Peptides surviving the stomach encounter pancreatic proteases (trypsin, chymotrypsin, elastase, carboxypeptidases) in the duodenum, followed by membrane-bound peptidases (aminopeptidase N, dipeptidyl peptidase IV) on the intestinal brush border. DPP-IV is particularly relevant for peptide pharmacology — it cleaves GLP-1 at position 2 within minutes, which is why native GLP-1 has a 2-minute half-life.
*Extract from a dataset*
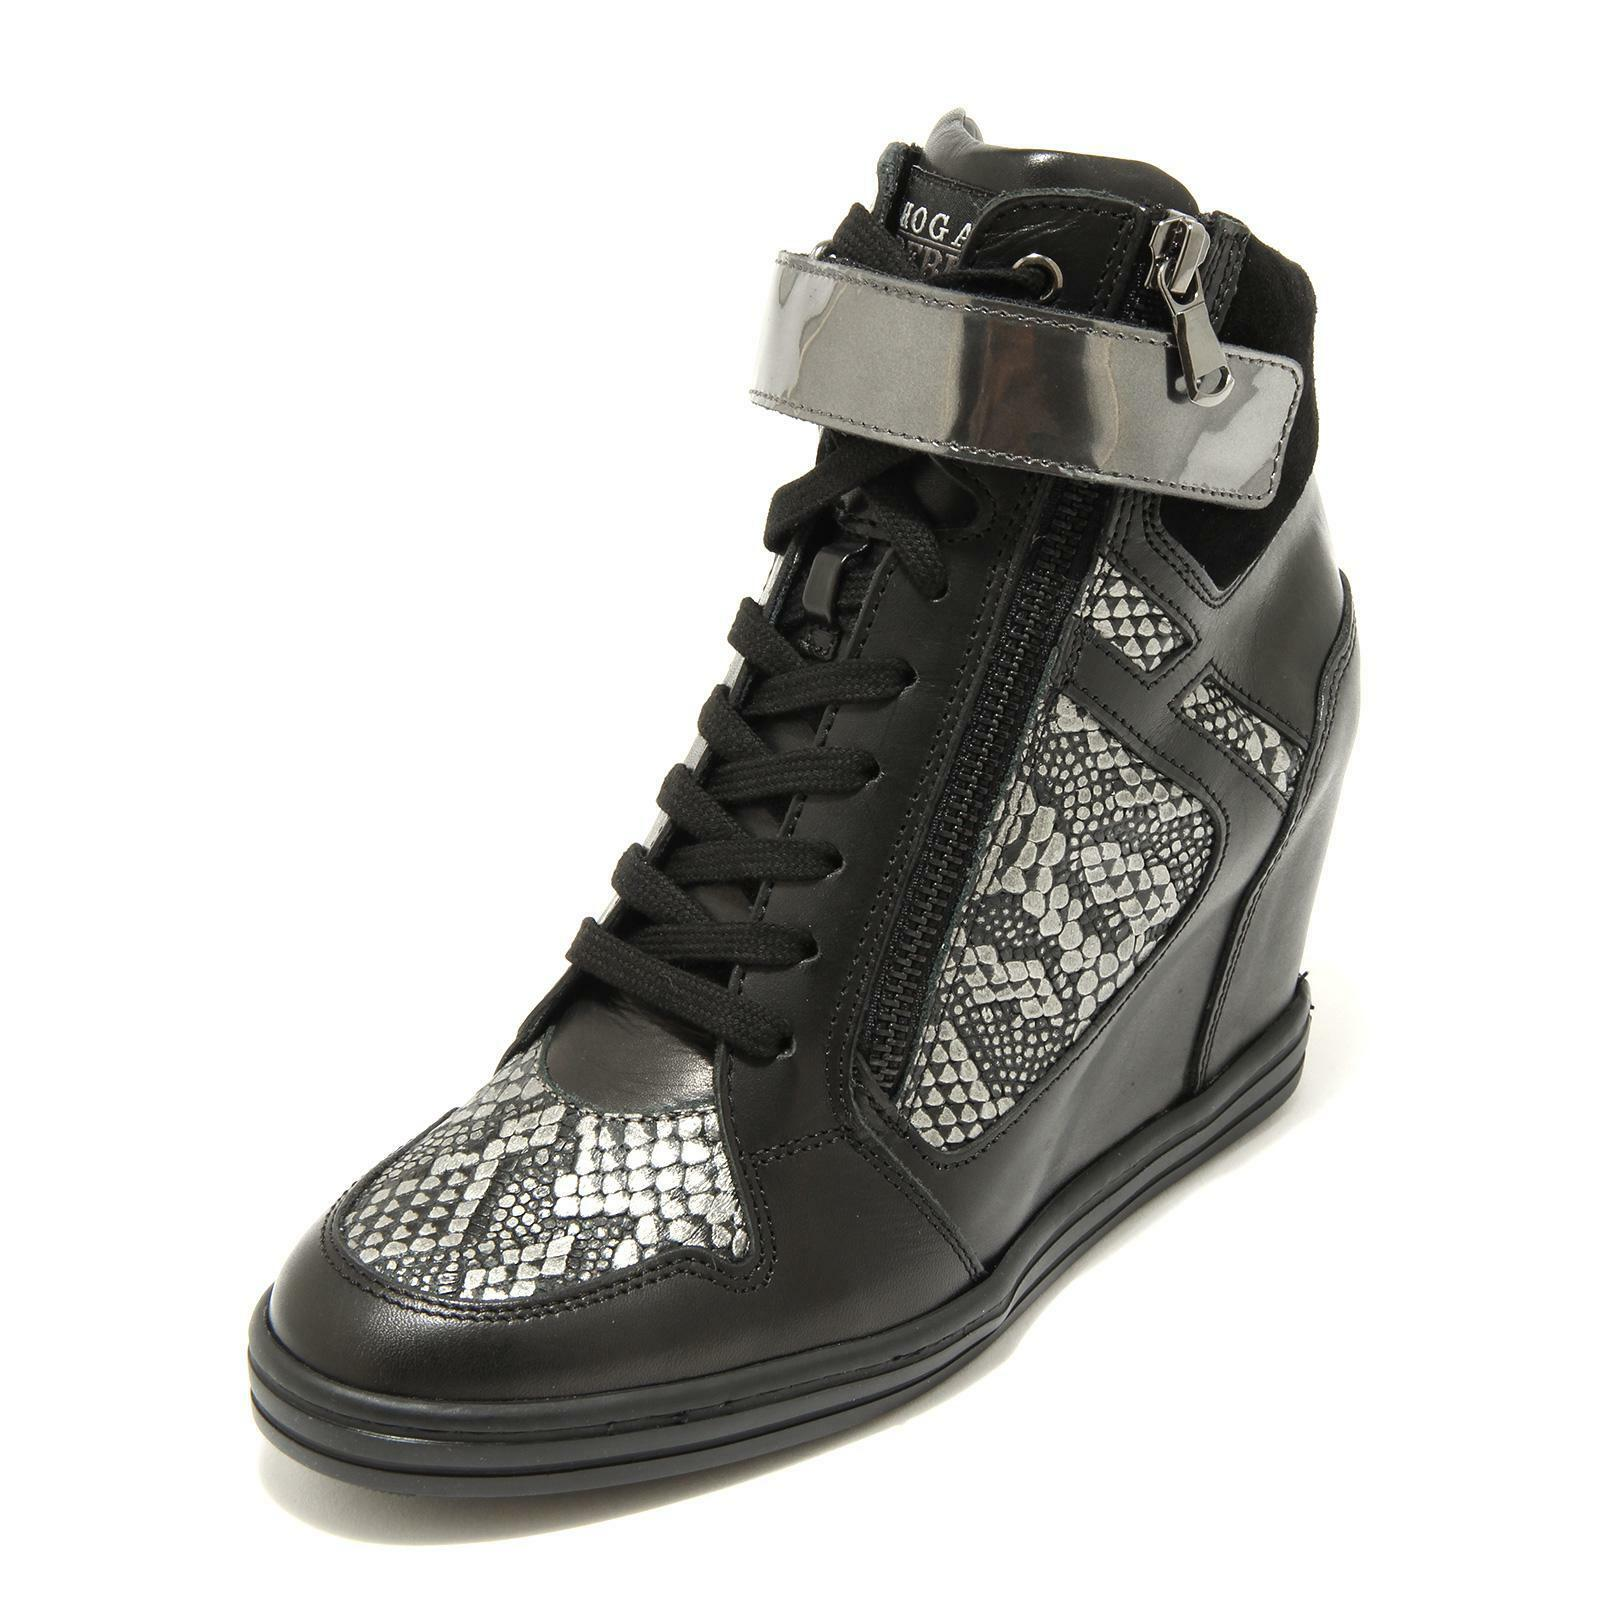 4479G tenis mujer negro gris HOGAN Rebel Rebel Rebel R 199 Cremallera Lateral Scarpa Zapatos Wome  barato en línea

3. Hepatic first-pass extraction

Any peptide absorbed through the intestinal wall enters the portal circulation and passes through the liver before reaching systemic blood. The liver contains additional proteases and metabolic enzymes that further degrade peptide fragments. Hepatic first-pass extraction can remove 50–90% of absorbed drug.
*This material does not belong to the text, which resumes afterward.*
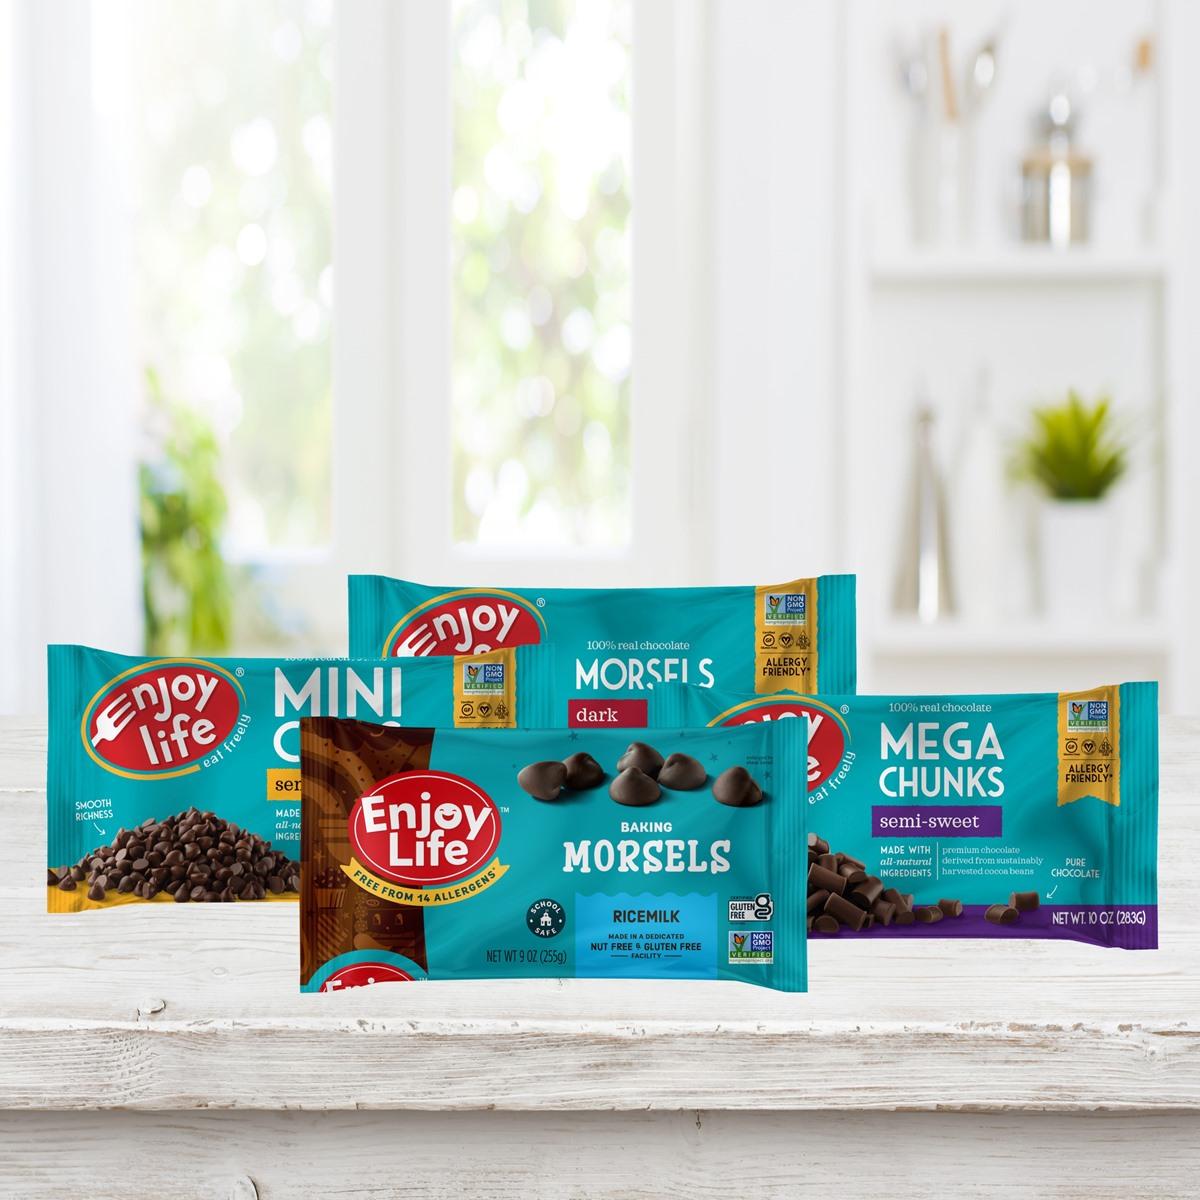 Enjoy Life Chocolate Chips Now in Dark, Semi-Sweet, and Rich Ricemilk - Top Allergen-Free, Vegan, and Gluten-Free!

The combined effect: oral bioavailability for most unmodified peptides is less than 1%. A 5 mg oral dose may deliver less than 50 micrograms to the systemic circulation.

Why this matters for peptide therapy

First-pass metabolism is why most therapeutic peptides are administered by injection (subcutaneous, intramuscular, or intravenous), bypassing the GI tract entirely. It is also why intranasal delivery is preferred for CNS-targeted peptides like Semax and Selank — nasal mucosa absorption avoids both GI degradation and hepatic first-pass.
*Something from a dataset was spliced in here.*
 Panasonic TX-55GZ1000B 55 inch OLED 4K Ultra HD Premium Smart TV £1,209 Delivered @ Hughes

The delivery route determines:

• Bioavailability: subcutaneous injection typically achieves 65–95% bioavailability vs. <1% oral for unmodified peptides
• Onset: IV is immediate; SC is 15–60 minutes; oral (if viable) is 30–120 minutes
• Patient compliance: oral is preferred by patients; injection is a barrier to adherence
• Cost: lower bioavailability means higher doses are needed, increasing cost per effective dose

Engineering solutions for oral peptides

The pharmaceutical industry has invested heavily in overcoming first-pass metabolism for peptides:

Oral semaglutide (Rybelsus)

The landmark achievement in oral peptide delivery. Rybelsus co-formulates semaglutide with SNAC (sodium N-[8-(2-hydroxybenzoyl)amino] caprylate), an absorption enhancer that:

1. Locally raises gastric pH, protecting semaglutide from pepsin
2. Promotes transcellular absorption across the gastric epithelium
3. Transiently increases membrane permeability

Even with this engineering, oral semaglutide has only ~1% bioavailability — a 14 mg oral tablet delivers roughly the same exposure as a 1 mg subcutaneous injection. The patient must take it on an empty stomach with minimal water and wait 30 minutes before eating. Despite these constraints, Rybelsus proved that meaningful oral peptide therapy is achievable.

Other approaches

• Protease inhibitors: co-formulating peptides with protease inhibitors (aprotinin, soybean trypsin inhibitor) to reduce enzymatic degradation in the intestine
• Enteric coatings: acid-resistant coatings that dissolve only at intestinal pH, bypassing gastric degradation
• Permeation enhancers: molecules that transiently open tight junctions between intestinal epithelial cells (sodium caprate, chitosan derivatives)
• Nanoparticle encapsulation: polymer or lipid nanoparticles that protect peptides during GI transit and promote transcytosis across the intestinal barrier
• PEGylation and lipidation: attaching polyethylene glycol chains or fatty acids to peptides improves stability and extends half-life (semaglutide's C-18 fatty acid chain also aids albumin binding)

The practical takeaway

When evaluating a peptide product, the administration route should match the pharmacological reality:

• Injectable peptides (most research peptides) bypass first-pass entirely — this is the standard for good reason
• Intranasal peptides (Semax, Selank, oxytocin) avoid GI degradation and may access the CNS directly
• Oral peptide claims should be met with scrutiny unless the formulation specifically addresses acid stability, protease resistance, and absorption enhancement. An oral peptide without these engineering solutions is likely delivering negligible systemic exposure
• Topical peptides (GHK-Cu, Matrixyl in skincare) bypass first-pass by targeting local tissue — bioavailability is limited to the skin, which is the desired target

First-pass metabolism is not a limitation to overcome for its own sake — it is a biological reality that determines which delivery route will actually get a therapeutic peptide to its target.